Dec. 29 (Bloomberg) — President Barack Obama is under fire for saying he wants to boost investment in infrastructure in the next decade. The critics say this is flawed stimulus because infrastructure projects take too long to get started and don't boost the economy now.
Obama's best move would be to stop spending. But given that he won't, and that he has three more years in office, the right kind of infrastructure splurge might not be such a bad idea — especially if you don't call it a stimulus.
That at least is what the record of the 1930s, 1940s and 1950s suggests, especially when it came to the classic American infrastructure project, highway construction.
Back in the 1930s, presidents started with the proposition that the primary aim of all spending should be to put people to work. Road construction was viewed as one of the tools to that end. In a single year, between June 1933 and April 1934, relief workers repaired 500,000 miles of highways.
As historian Mark Rose has noted, in the mid-1930s, almost $3 billion, then a good share of an annual federal budget, was poured into highway projects by relief officials and the Bureau of Public Roads.
But observers, including President Franklin Roosevelt himself, began to notice flaws with this plan. For one thing, as today, road projects were not shovel-ready — their lengthy planning coincided with the direst moments of recession. By the late 1930s, Roosevelt concluded that highway programs generally "do not provide as much work as other methods of taking care of the unemployed."
In early 1938 the president suggested that federal assistance to roads ought to revert to pre-Depression levels. That April, he reluctantly allowed that appropriating an extra $100 million for roads was all right, but "only for projects which can be definitely started this calendar year."
What was worse, the Hoover and Roosevelt road outlays didn't make enough sense as infrastructure. A highway expert, Wilfred Owen, pointed out that New Deal construction had "denied congested metropolitan areas" and were instead "lavished upon local rural roads."
As the country emerged from World War II, it was clear the unprecedented 1930s spending hadn't prepared the U.S. for exploding postwar road use. General Dwight Eisenhower, for his part, was put off by the heavy political element of New Deal outlays.
Washington doesn't shift gears easily. As the 1950s began, lawmakers therefore also presented construction as a tool to create jobs or manage the business cycle.
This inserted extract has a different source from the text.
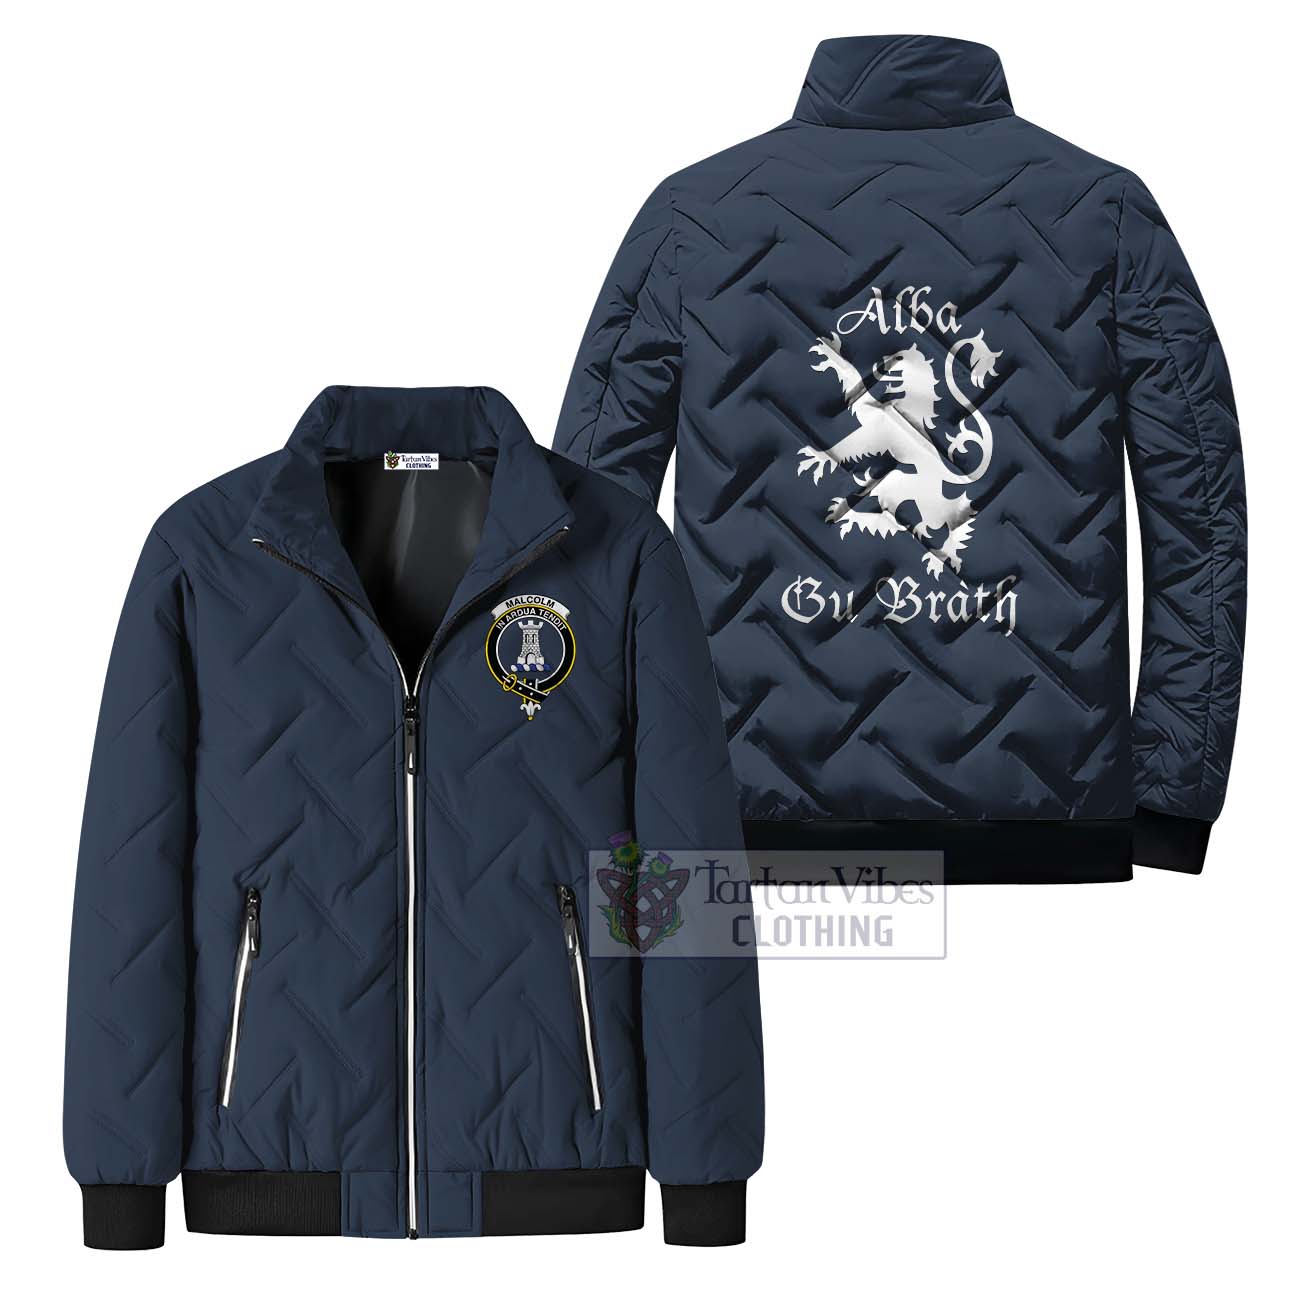 Tartan Vibes Clothing Malcolm Family Crest Padded Cotton Jacket Lion Rampant Alba Gu Brath Style

The memory of the Depression was fresh. Recessions were still hitting with regularity — there were four between the end of World War II and 1959.
Man of Action
But Eisenhower, now president, was a man of action. He recalled the embarrassing number of days — 62 — it had taken a cross-country convoy to get from Washington to San Francisco in 1919. In his view, the one good thing that Adolf Hitler had done was to build the Autobahn. Where was the American Autobahn? In the end the bill that Eisenhower was able to push through Congress was straightforward.
Under the Highway Act of 1956, the federal government spent billions to build new roads and piece together older ones and construct a national highway system. There were secondary goals, such as national defense and job creation, among them. But the most obvious goal, serving a country that wanted to move at 65 miles an hour, came first.
Less Than Optimal
The outcome of the interstate highway program wasn't optimal. It favored truckers over cities. The roads cut off some downtowns from the commerce that had heretofore sustained them. Minorities pointed out that their communities often bore the brunt of construction. According to Rose, some black political and business leaders spoke of white men's roads going through black men's bedrooms.
As for budgeting, the interstate so far outran its original cost estimates that Senator William Proxmire awarded it his so-called golden fleece prize for federal profligacy.
But on balance, the highway achievement lasted in a way that stimulus or make-work projects did not. In the 1960s, one quarter of all productivity gains came from highway improvements. The interstate did its part to make the U.S. an economic superpower. By concentrating on one coherent infrastructure project, we helped to assure growth.
There were other benefits. As early as 1959, the New York Times was publishing headlines that said things like "Pay Roads Save Time and Tempers as They Lead Tourists to Far Places."
Today the country can ill afford another trillion in stimulus. But if such an outlay is inevitable, then let that trillion go to a national Big Dig. As Eisenhower demonstrated, a growth project like a road can be superior to a new social program. A road, or a railway, or a plan to collect water in space, after all, reflects more hope. Obama will achieve the happiest outcome if he simply makes like Ike and plows forward.
(Amity Shlaes, senior fellow in economic history at the Council on Foreign Relations, is a Bloomberg News columnist. The opinions expressed are her own.)